## SOURCE MATERIAL
Start of Block

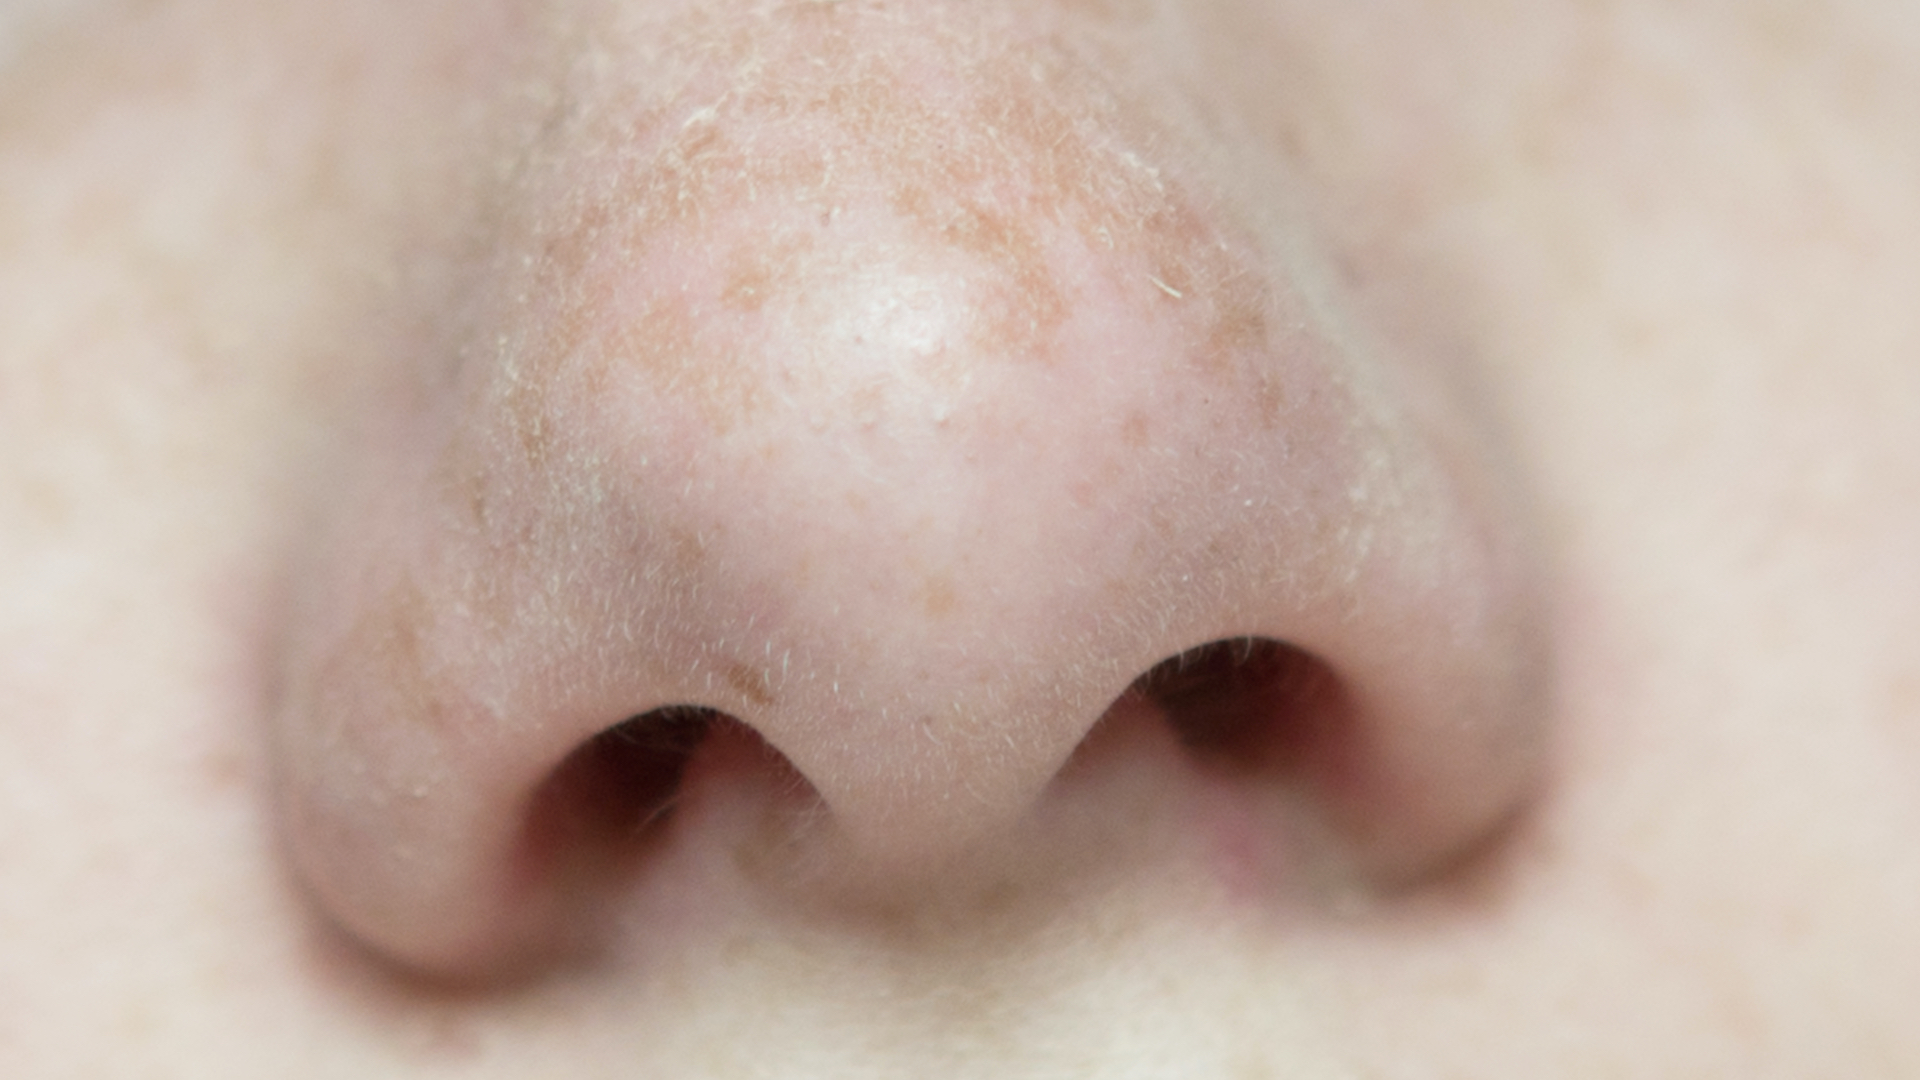 A nose
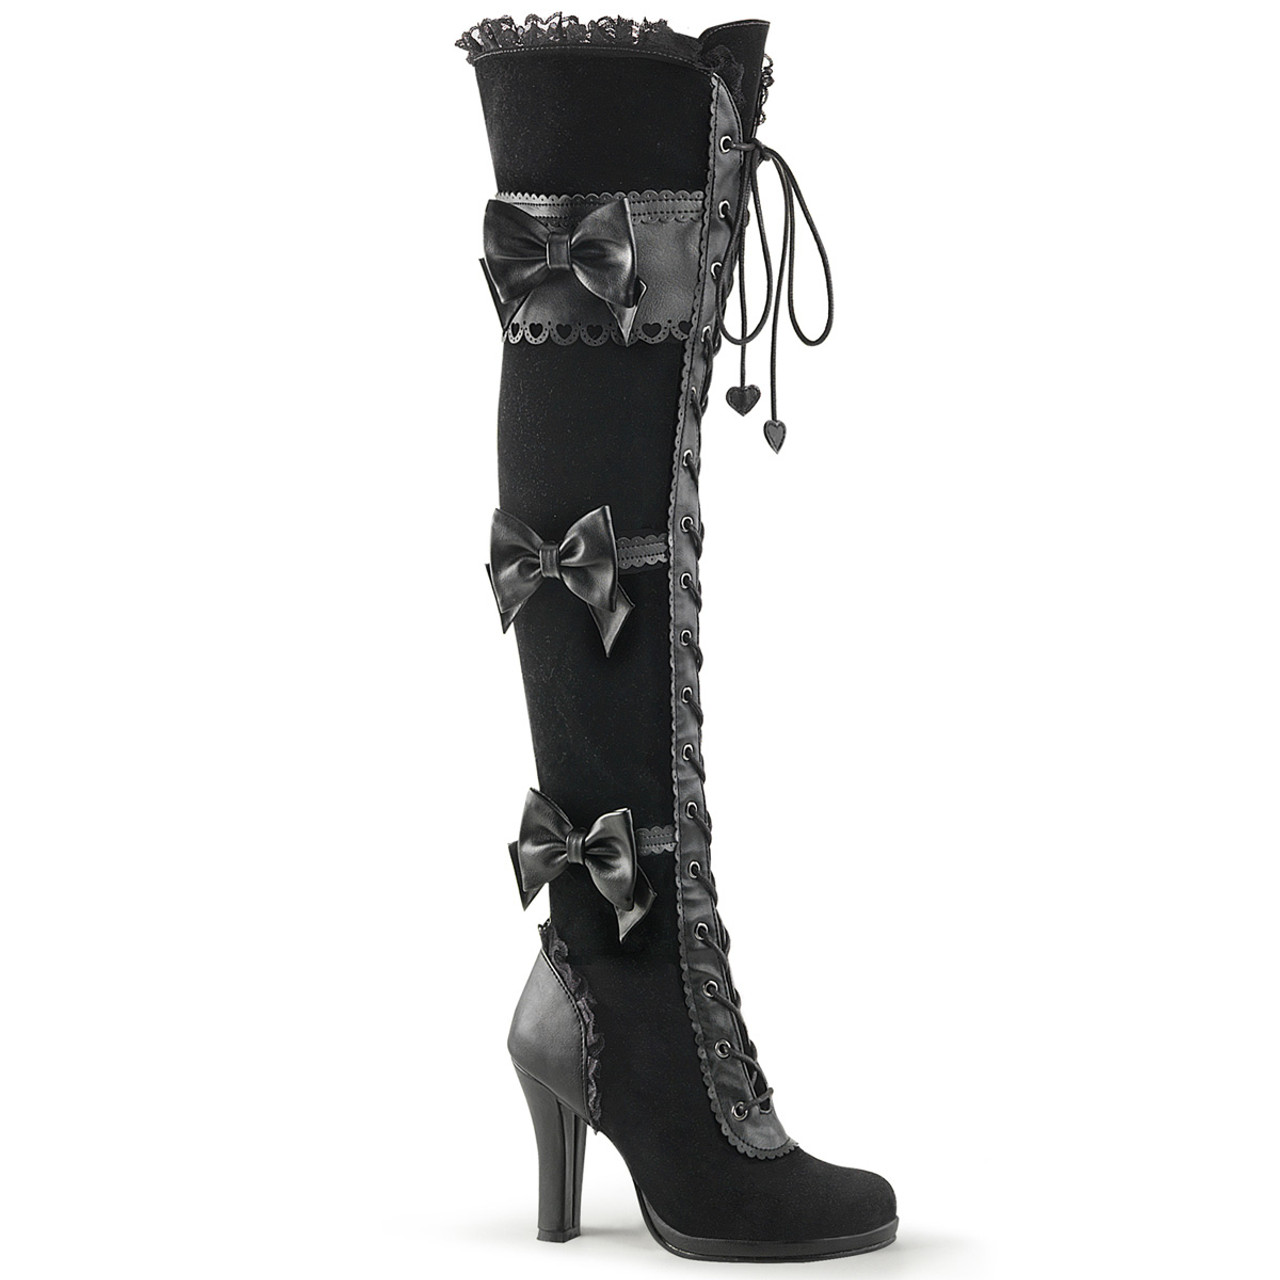 black over the knee boots 2 inch heel
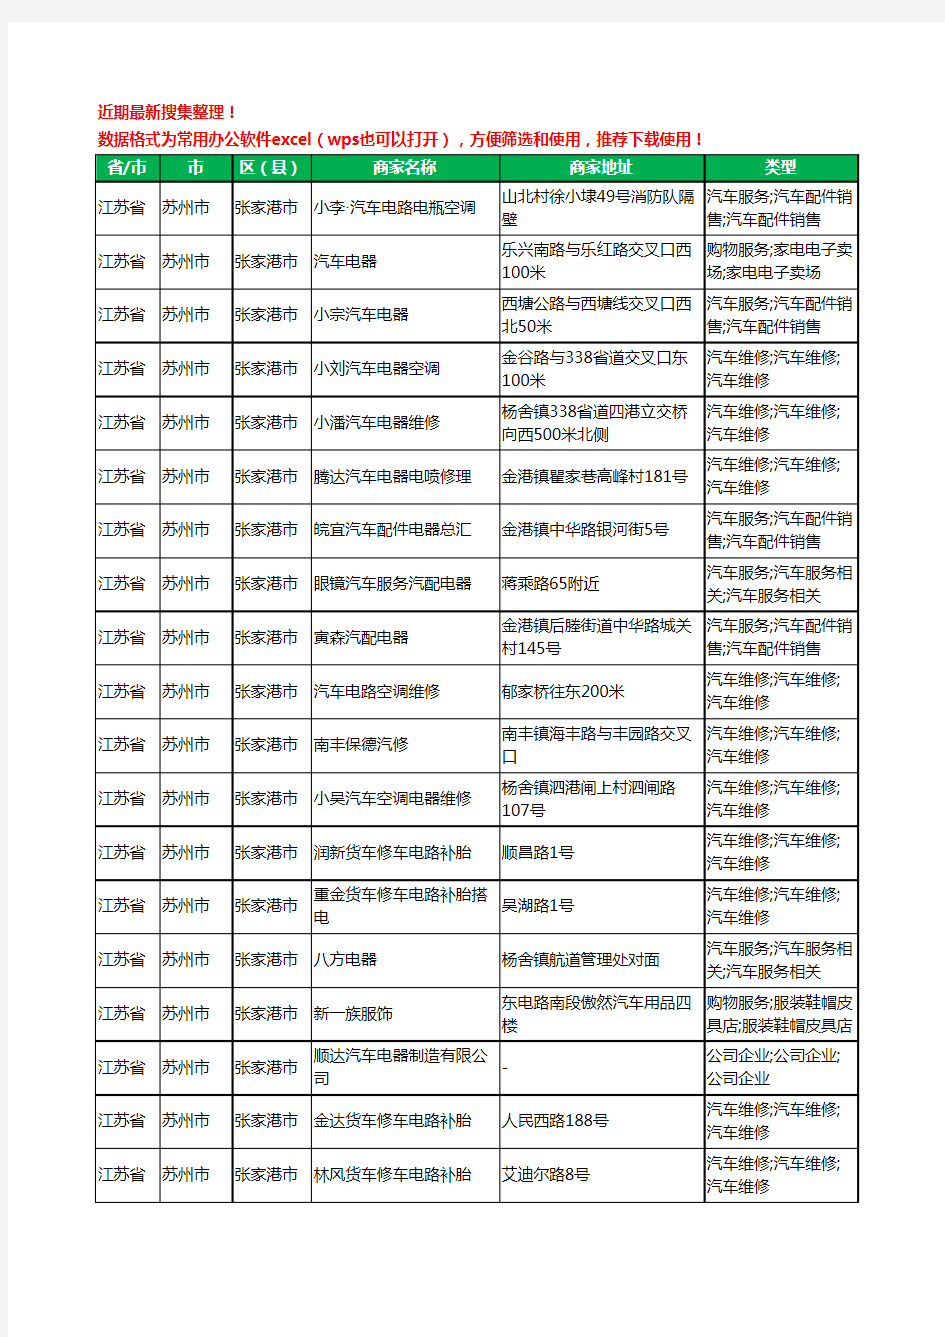 2020新版江苏省苏州市张家港市汽车电器工商企业公司商家名录名单黄页联系方式大全36家
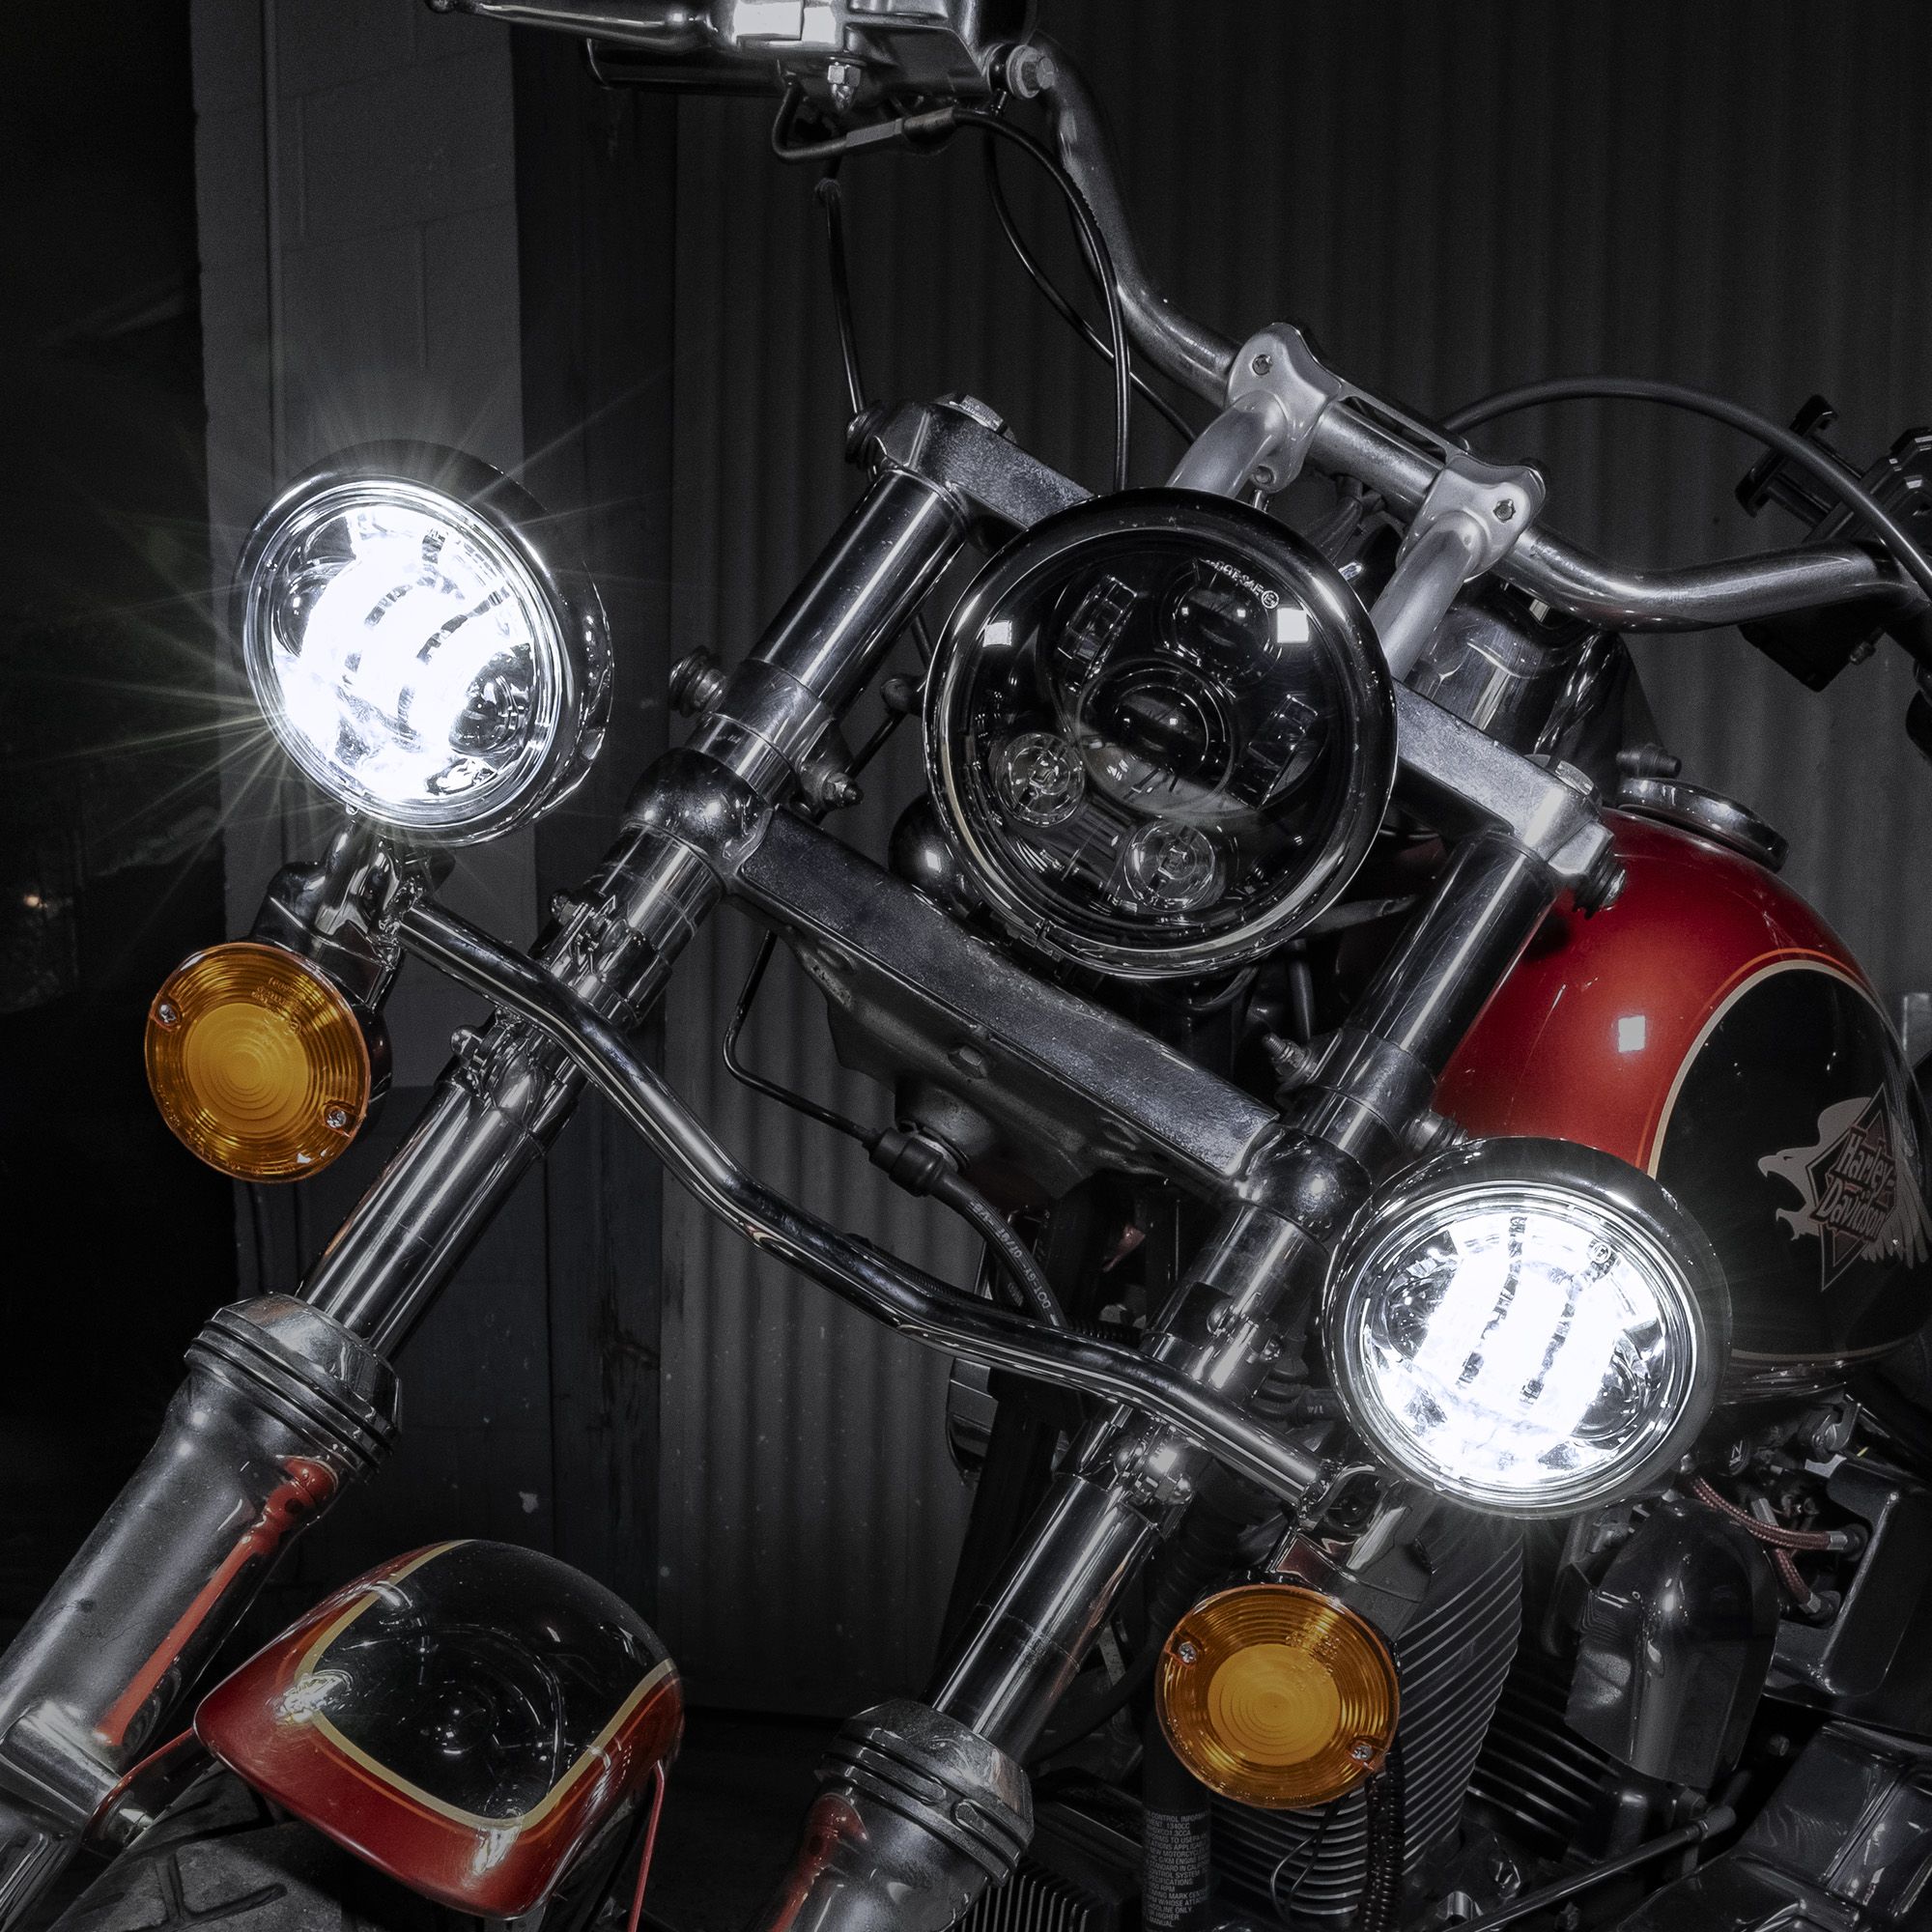 4.5-Inch LED Fog Light Kit for Harley Davidson - Chrome

End of Block

## TASK TO COMPLETE
Retype precisely, and only, the lines from the one holding "2020新版江苏省苏州市张家" through the final line of the data above, with the pictures omitted.

## ANSWER SPACE
 2020新版江苏省苏州市张家港市汽车电器工商企业公司商家名录名单黄页联系方式大全36家
 4.5-Inch LED Fog Light Kit for Harley Davidson - Chrome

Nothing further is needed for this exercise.